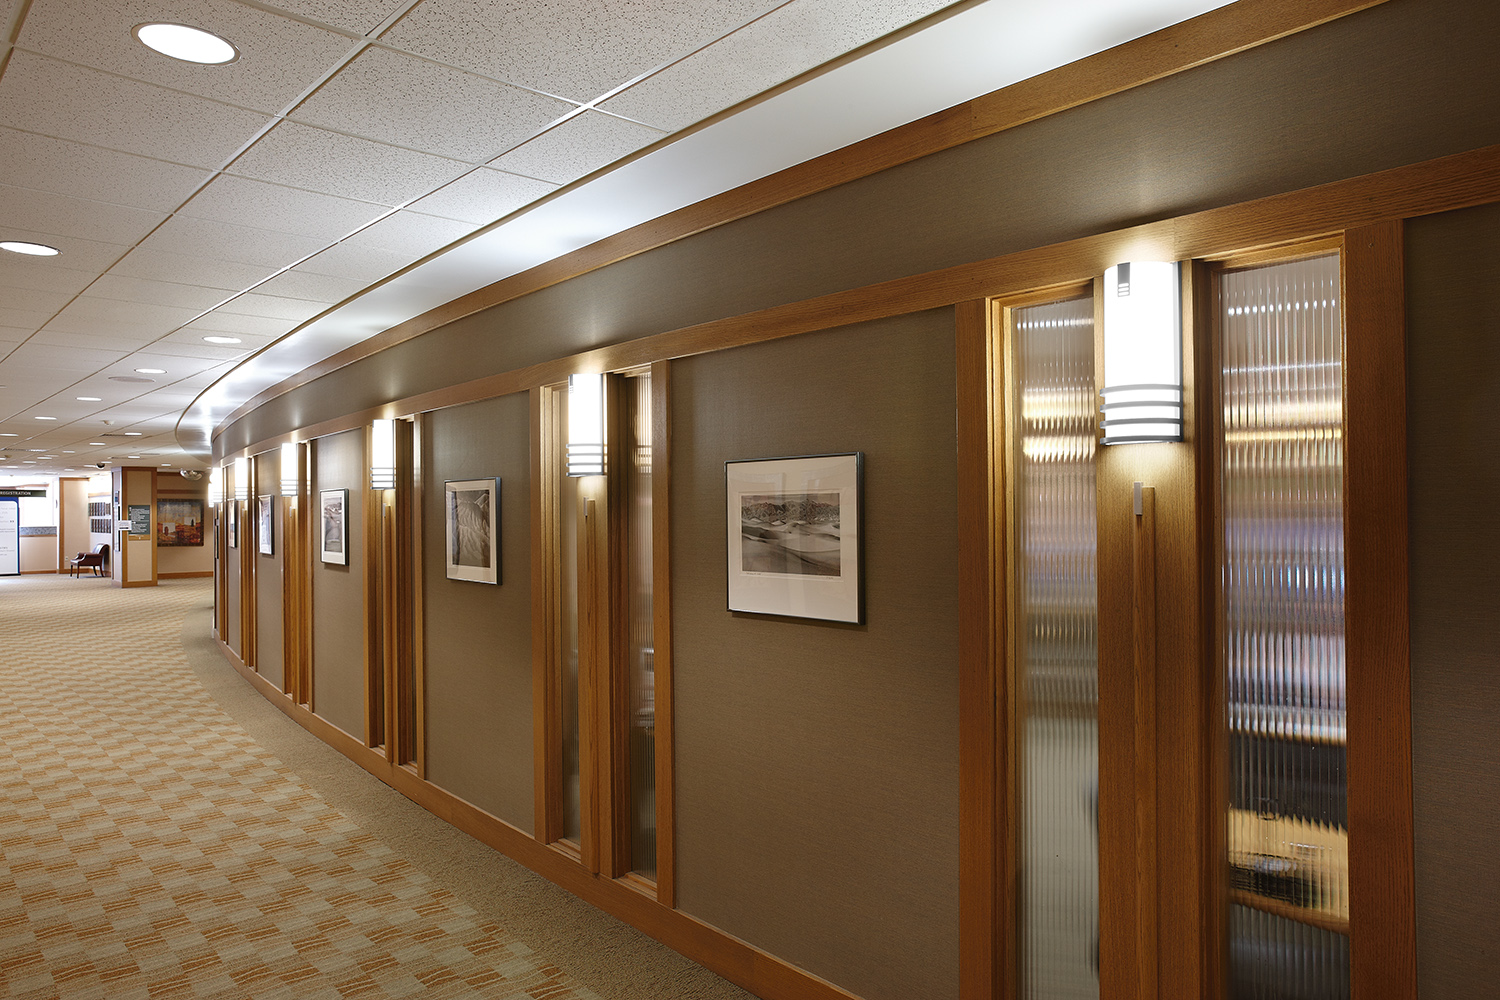 Colonnade wall sconces are classic office lighting fixtures, seen here along an interior hallway.
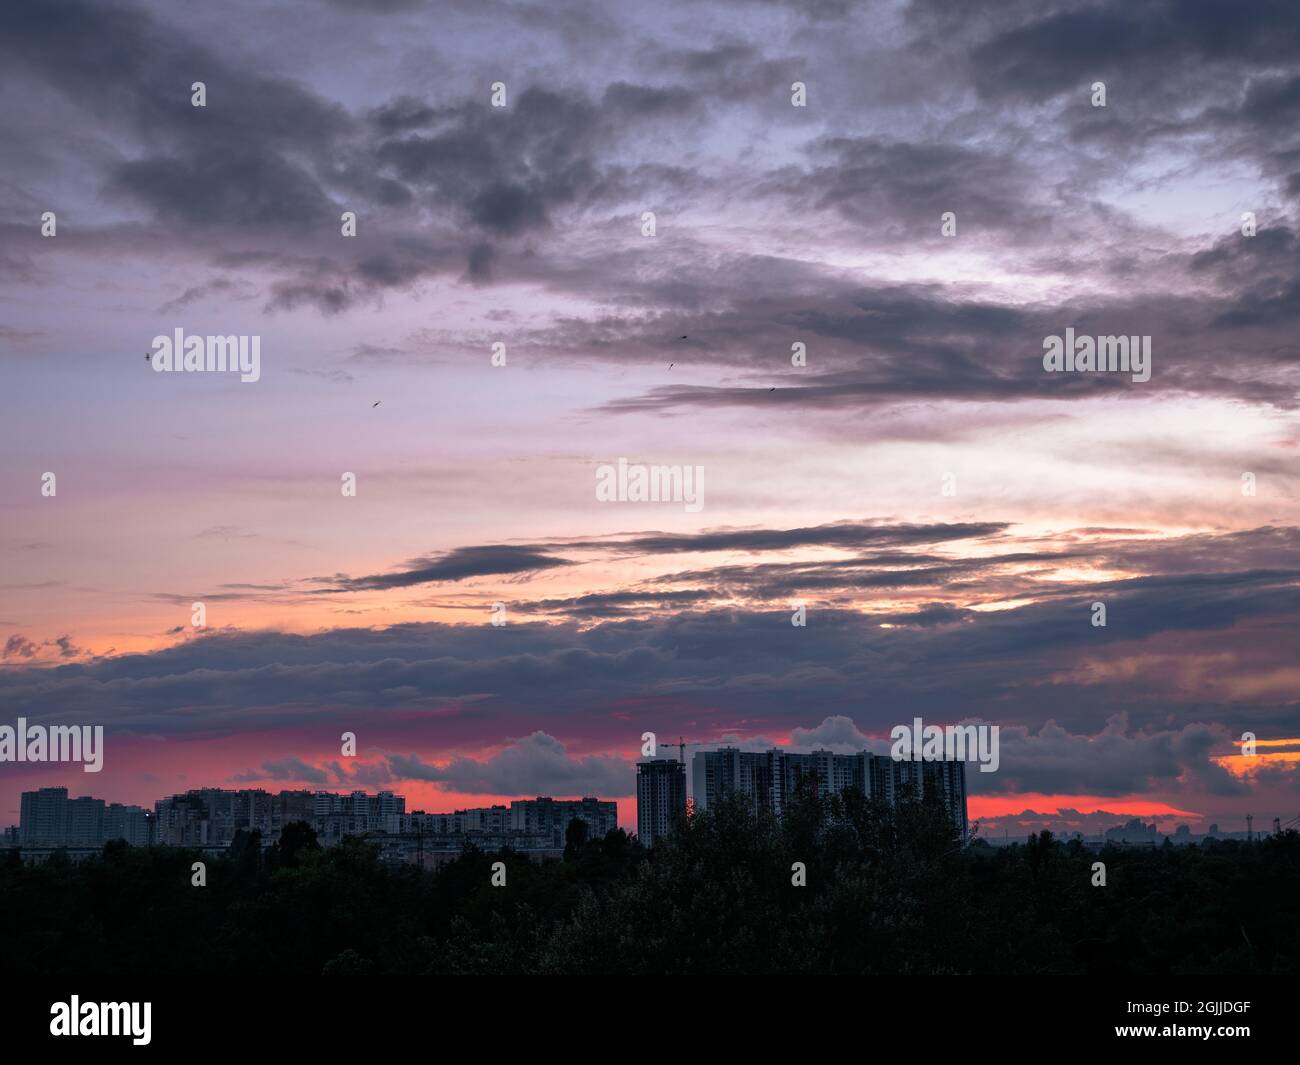 Colorful sunset over Kyiv (Kiev) city with buildings on the horizon. Industrial cityscape against backdrop of setting sun with red and lilac scenic. Stock Photo
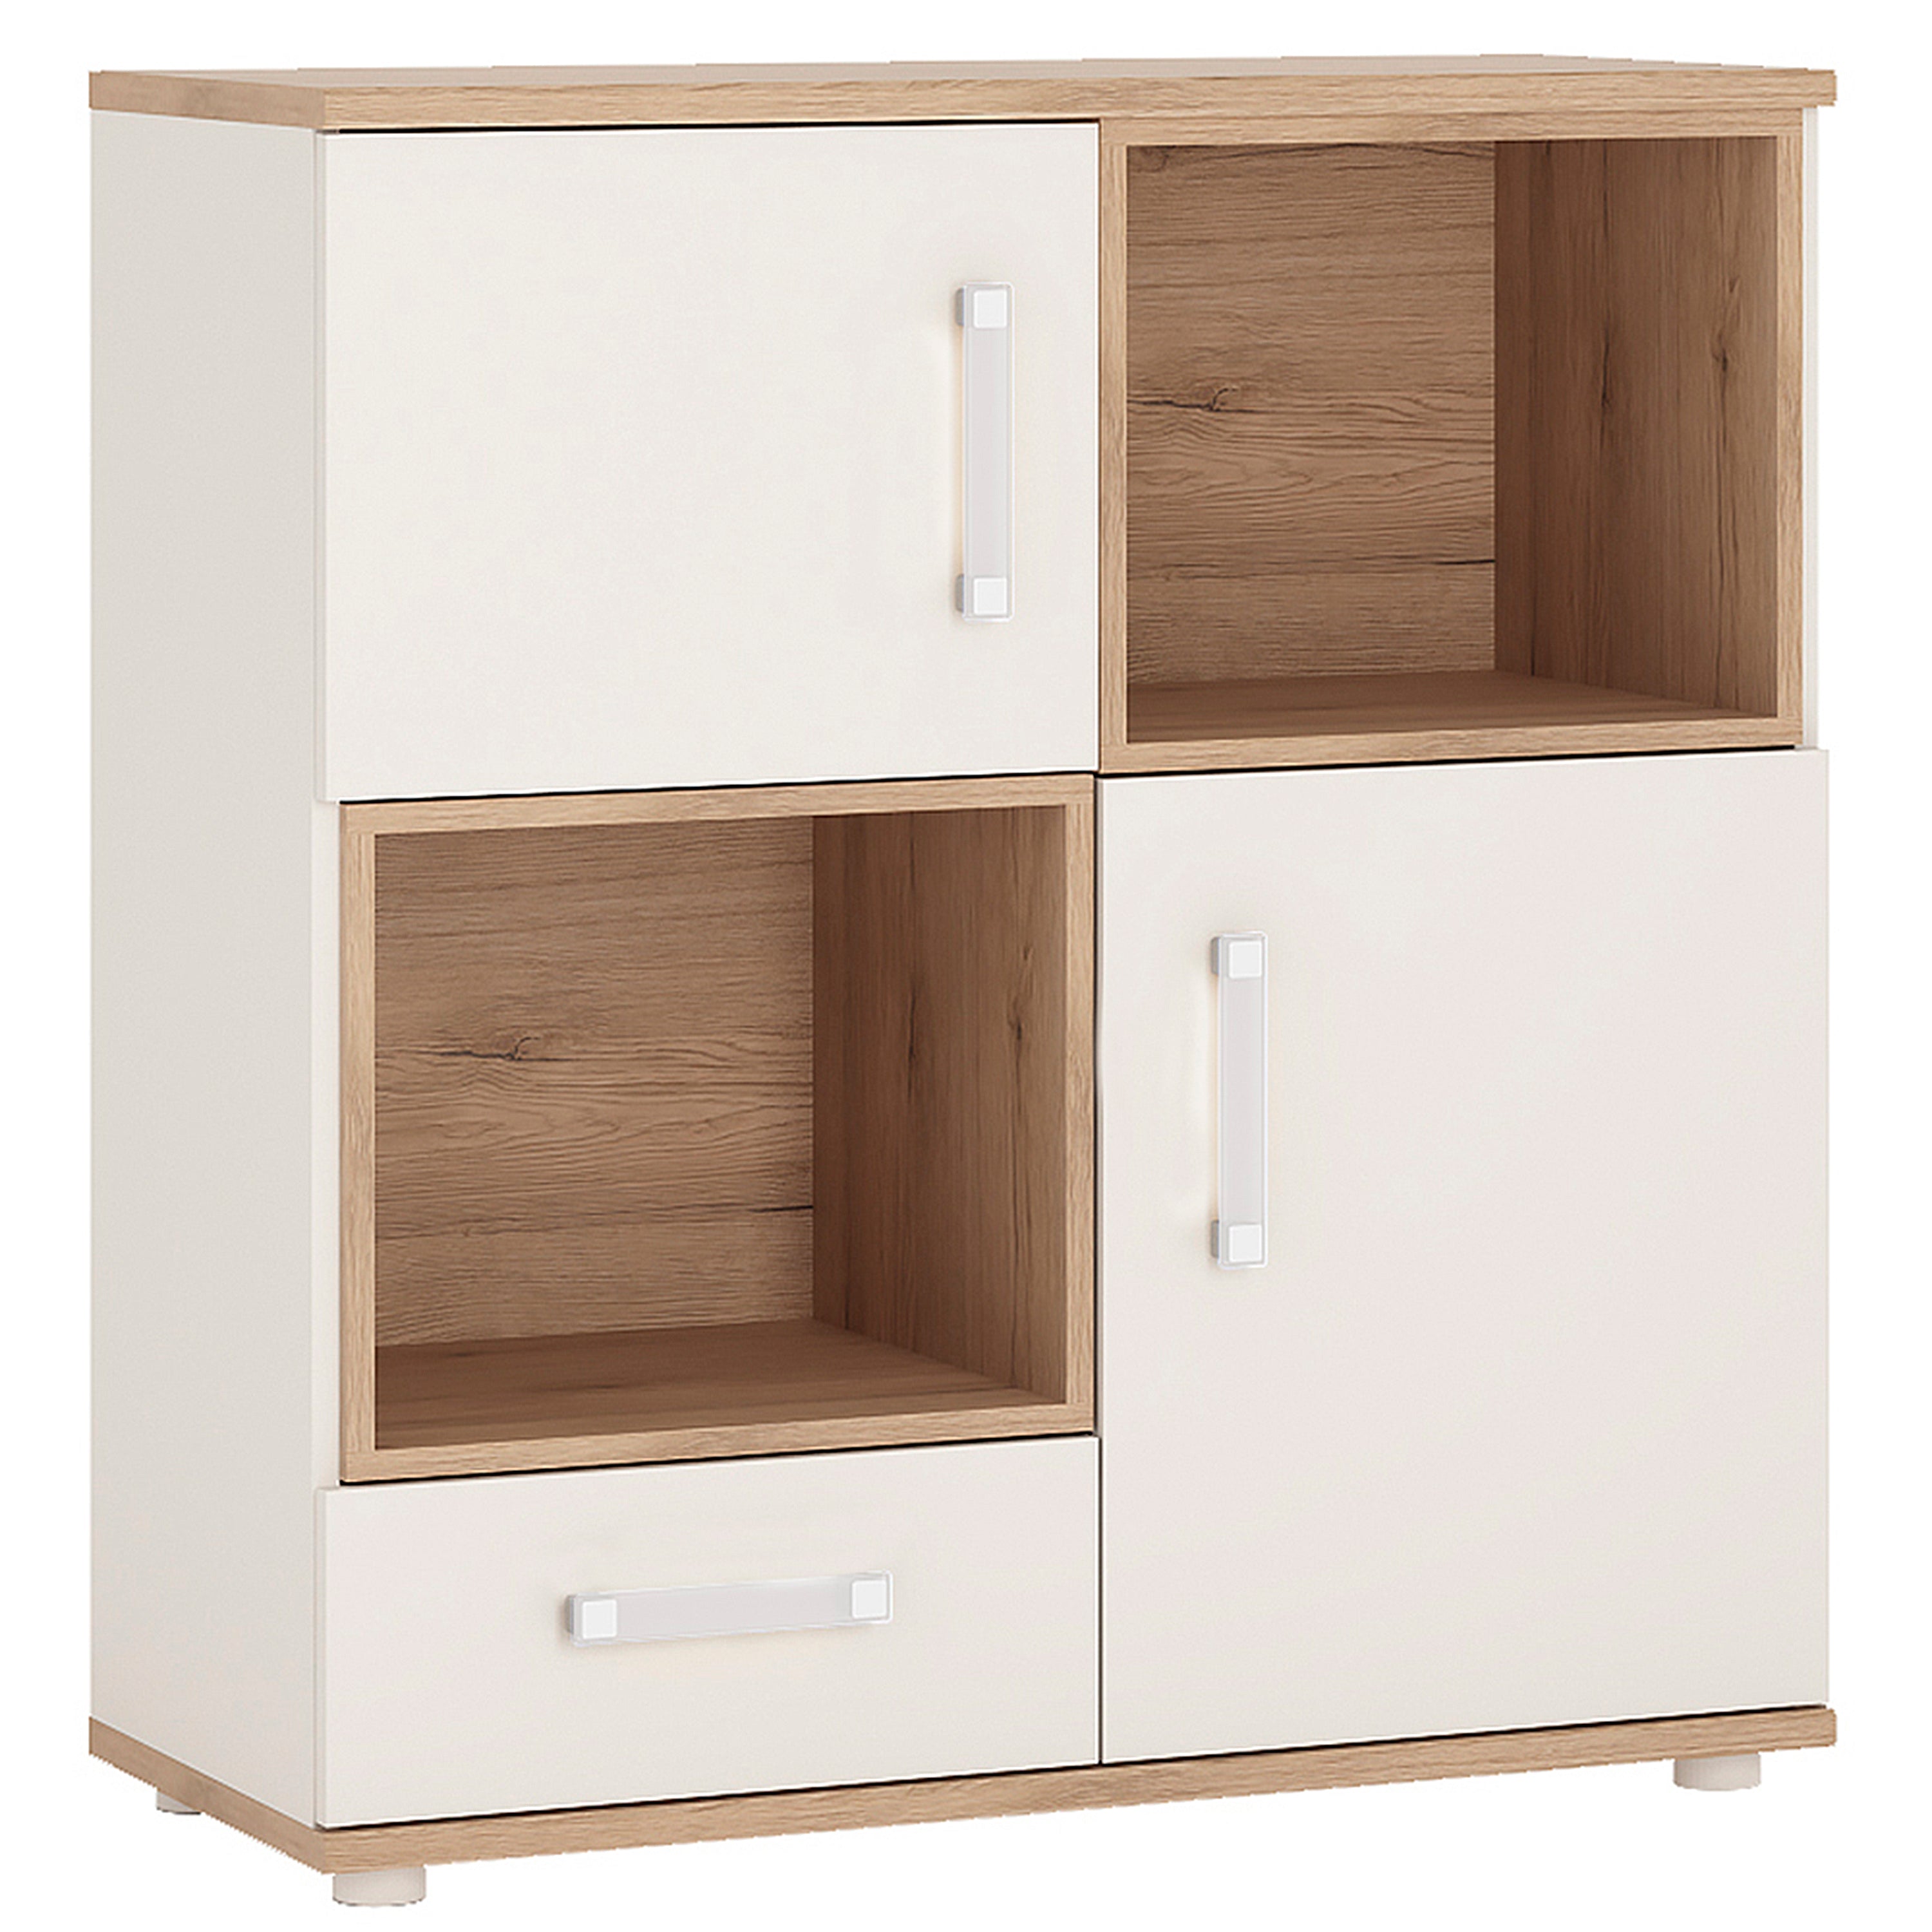 Image of 4KIDS 2 Door 1 Drawer Cupboard With 2 Shelves - Available In 4 Colours

:: Your objective ::
Write out again exactly the lines from the start of the data above through the line containing "Colorful sunset over", inclusive, excluding any pictures.

:: Solution ::
 Colonnade wall sconces are classic office lighting fixtures, seen here along an interior hallway.
 Colorful sunset over Kyiv (Kiev) city with buildings on the horizon. Industrial cityscape against backdrop of setting sun with red and lilac scenic. Stock Photo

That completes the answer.